Reference Implementation Governance

Created Updated openspec/changes/add-schema-followups/specs/reference-implementation-governance/spec.mdView on GitHub →

ADDED Requirements

Requirement: Schema-bearing connectors enrolled in pilot-fixture coverage SHALL ship a committed pilot fixture and replay test

Every connector enrolled in pilot-fixture coverage SHALL ship:

  1. A fixtures/<connector>/scrubbed/pilot-real-shape/records/<stream>.jsonl file for each stream in SCHEMAS, containing 1+ synthetic-but-shape-real record(s) that pass validateRecord(stream, record).
  2. A connectors/<connector>/pilot-fixture.test.ts that registers per-stream replay tests via src/pilot-fixture-test-helper.ts.

The fixtures lock the connector's emitted-record shape against schema drift.

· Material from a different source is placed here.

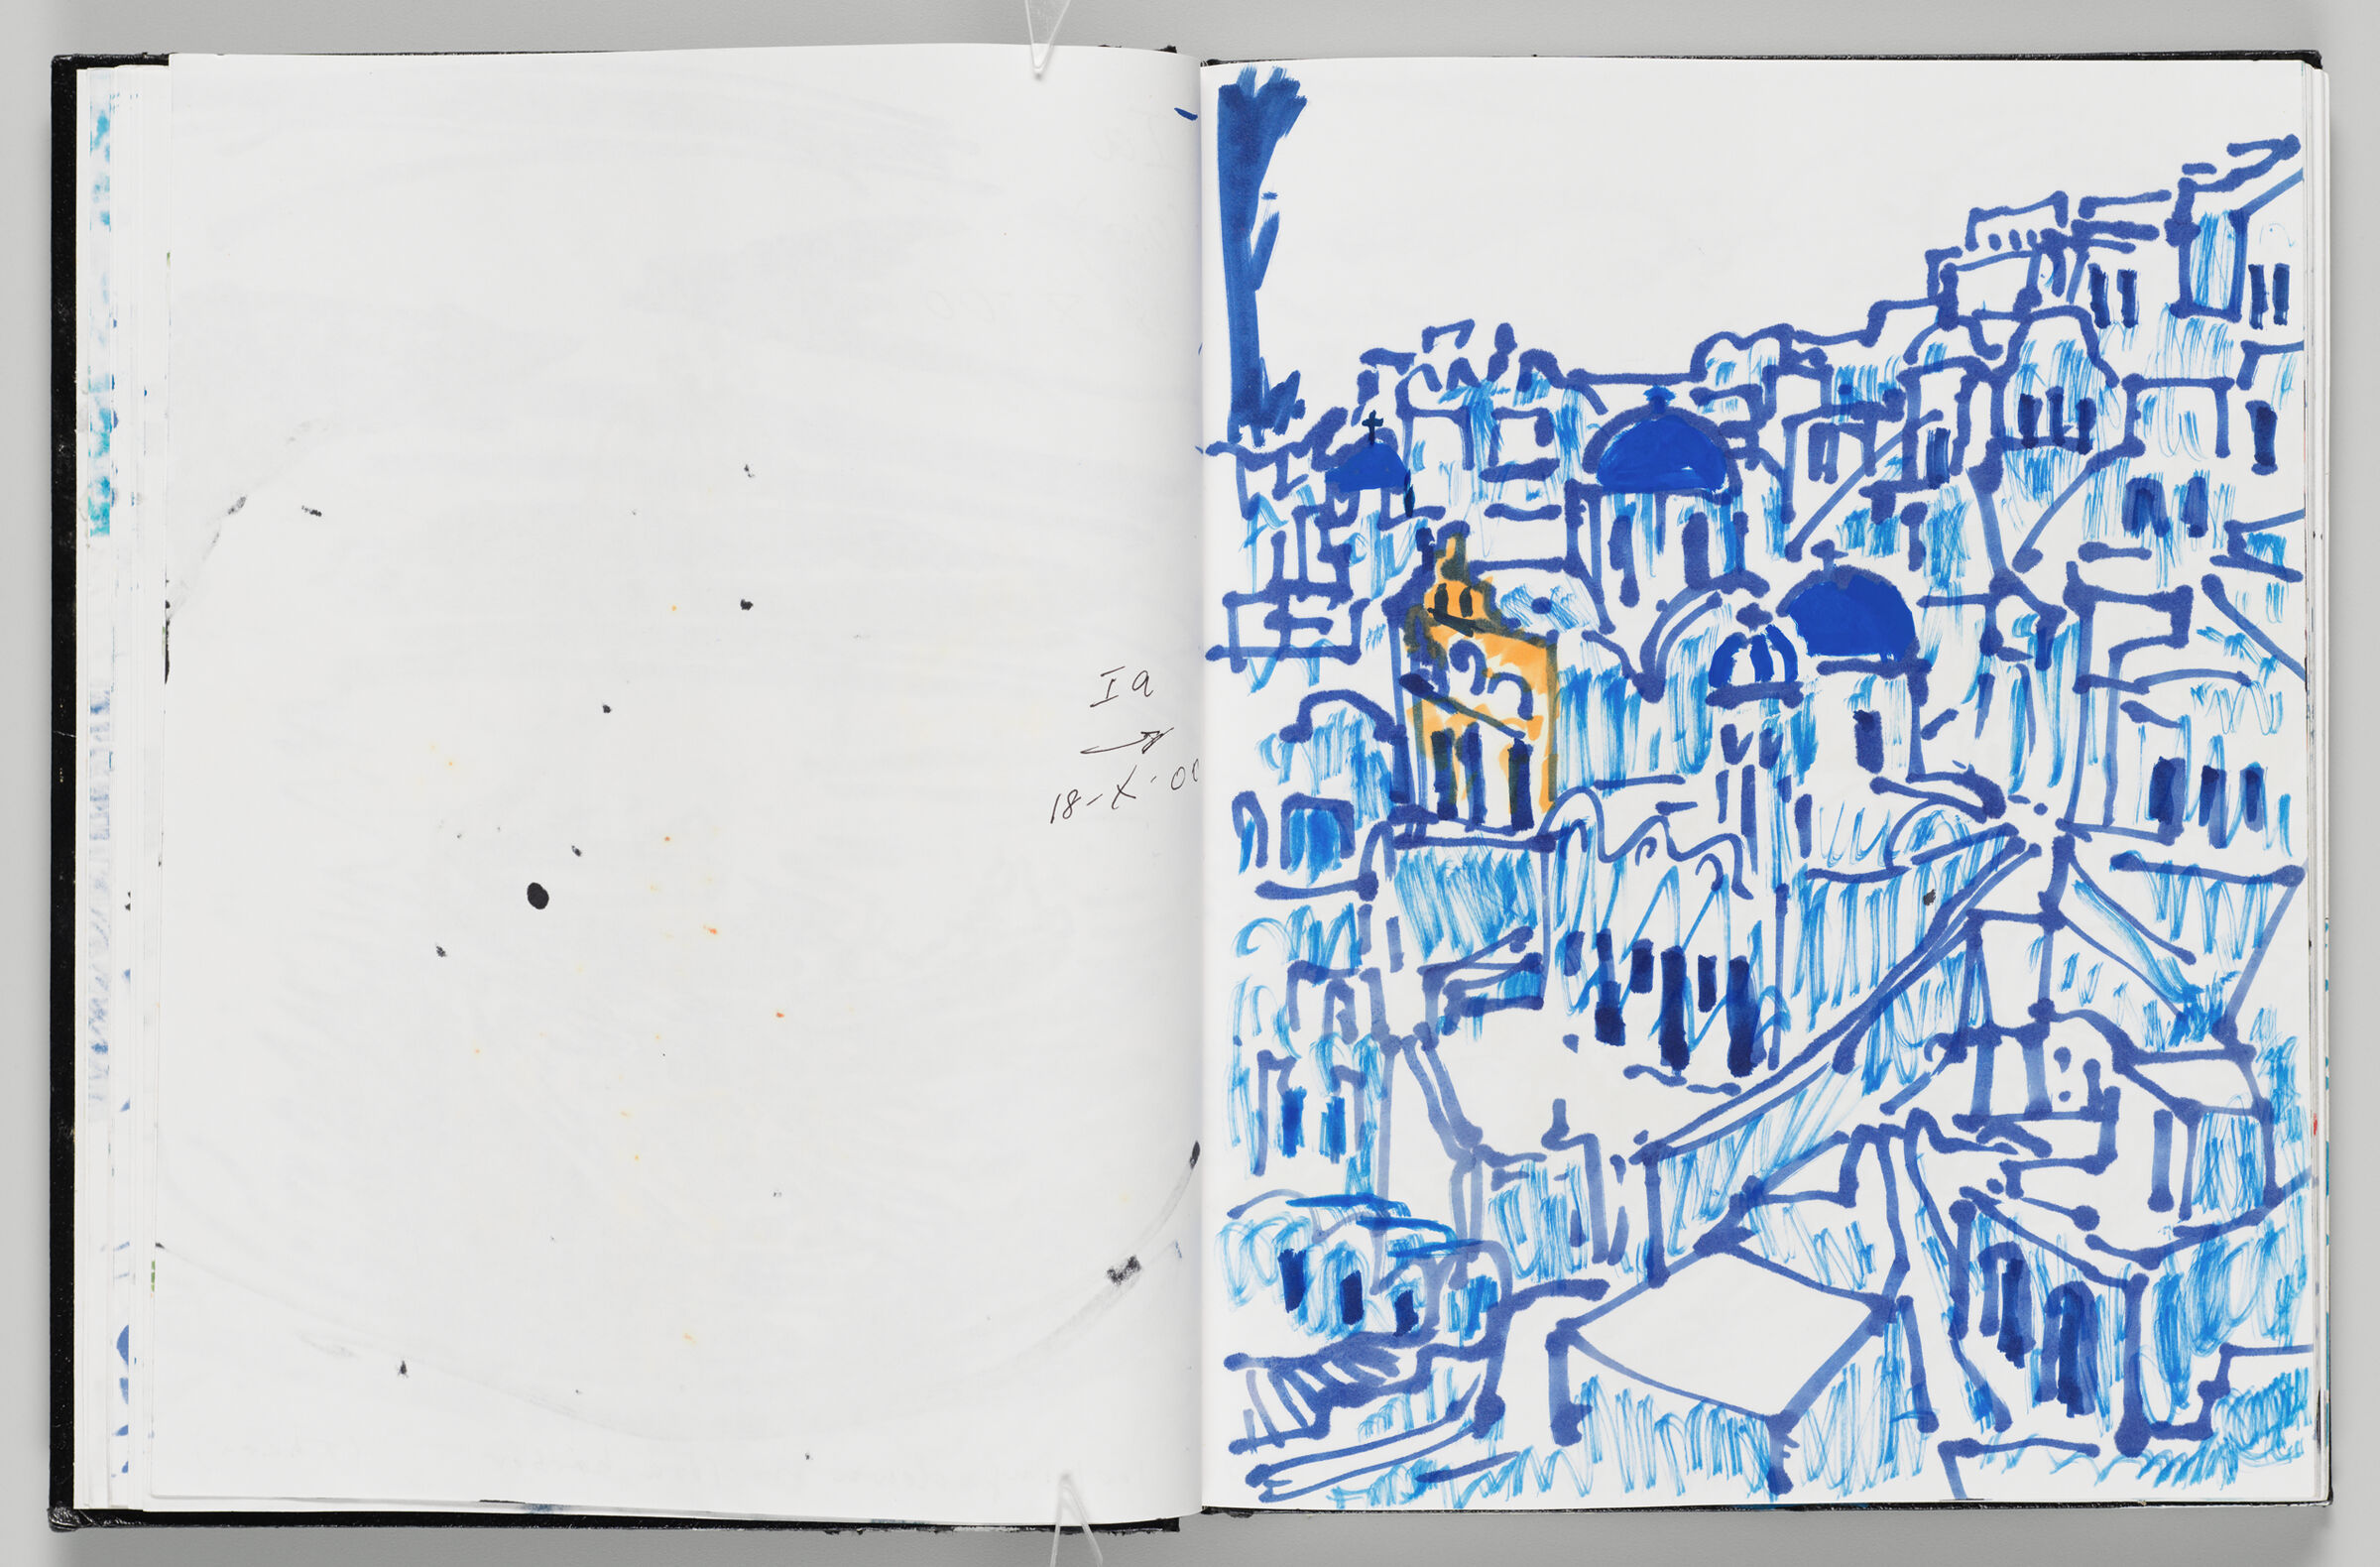 Untitled (Bleed-Through Of Previous Page With Note, Left Page); Untitled (Santorini Cityscape, Right Page)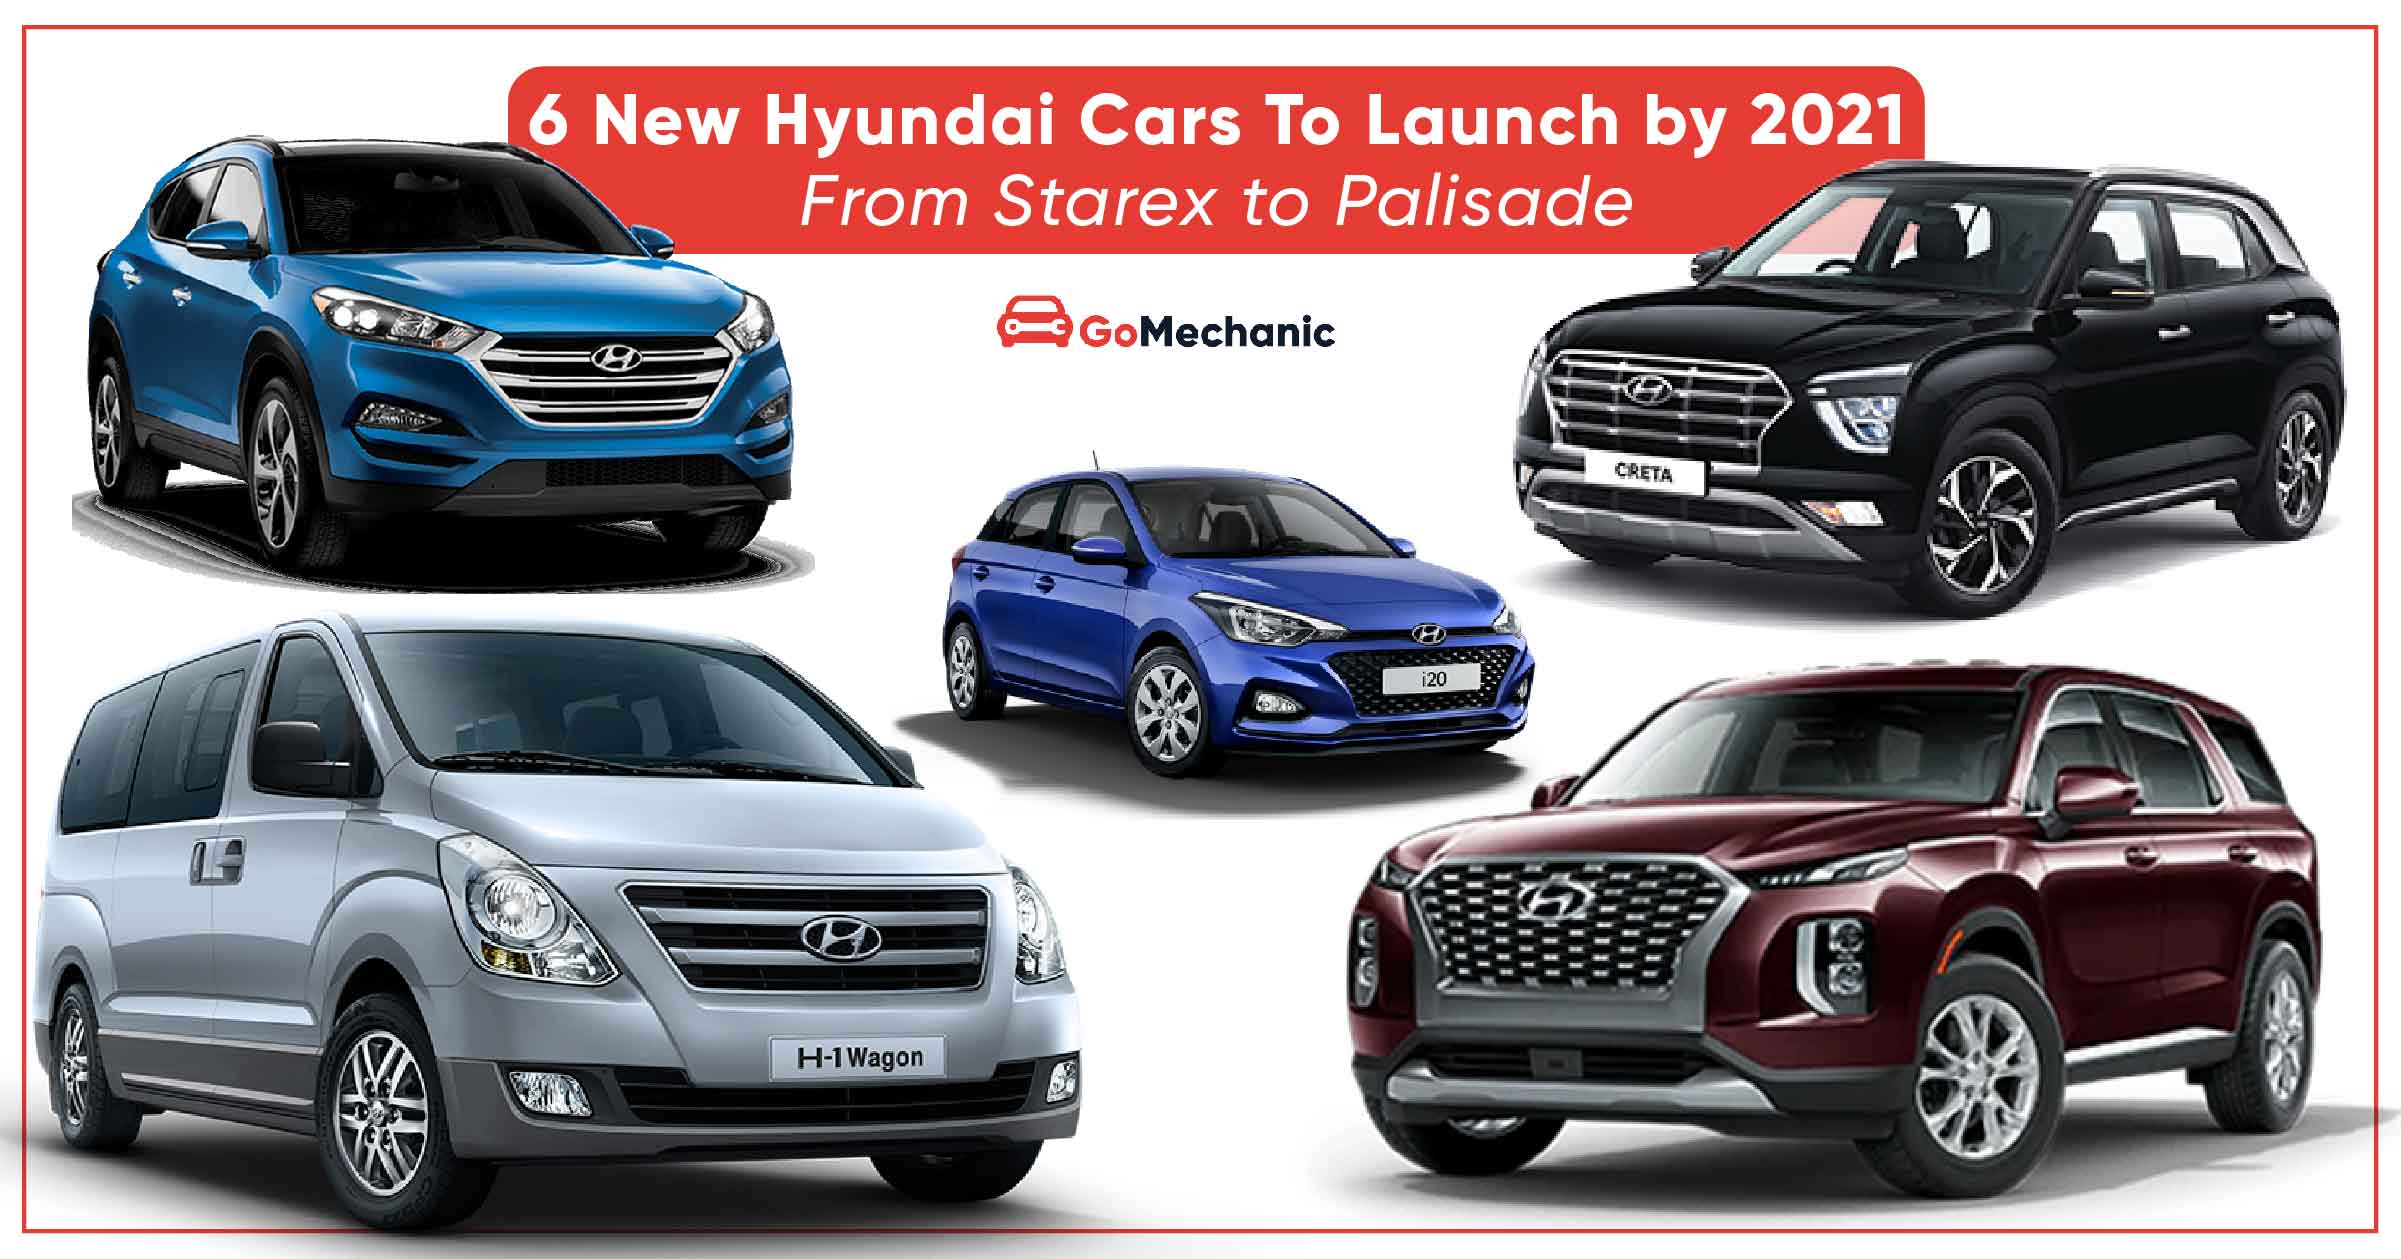 New Hyundai Cars To Launch by 2021 | From Starex to Palisade

Without them, a schemas.ts change that rejects real production records can pass review and land silently, since the schema is internally self-consistent.

Schema-bearing connectors not yet enrolled remain visible as follow-up work; enrolling the remaining first-party connectors is a separate connector-by-connector rollout, not a blocker for this pattern change.

Scenario: A schema edit becomes too strict for a real shape

  • WHEN a connector's schemas.ts is modified to require a field that the connector never actually populates
  • THEN the per-connector pilot-fixture.test.ts SHALL fail because at least one fixture record will lack the field
  • AND the failure SHALL surface the offending row's id and zod issue list

Scenario: A pilot fixture is missing

  • WHEN a connector is enrolled in pilot-fixture coverage but has no committed fixture under fixtures/<connector>/scrubbed/pilot-real-shape/records/
  • THEN the connector's pilot-fixture.test.ts SHALL fail with a "fixture missing" message pointing at the expected path
  • UNLESS the test was registered with expectMissing: true (used only for connectors that legitimately cannot produce a fixture, e.g. interactive-only flows)

Requirement: Pilot fixtures SHALL be synthetic-but-shape-real, not real owner data

Records committed under fixtures/<connector>/scrubbed/pilot-real-shape/ SHALL contain only synthetic content with [REDACTED_*] placeholders for any field that would normally hold identifying data (names, emails, IDs derived from real accounts, free-form text bodies). Real owner data SHALL NOT be committed even when it has been deterministically scrubbed.

The fixtures' purpose is to lock record shape, not to test against real data. Real-data validation is the job of bin/replay-schemas.ts against the local owner database, which is gitignored by design.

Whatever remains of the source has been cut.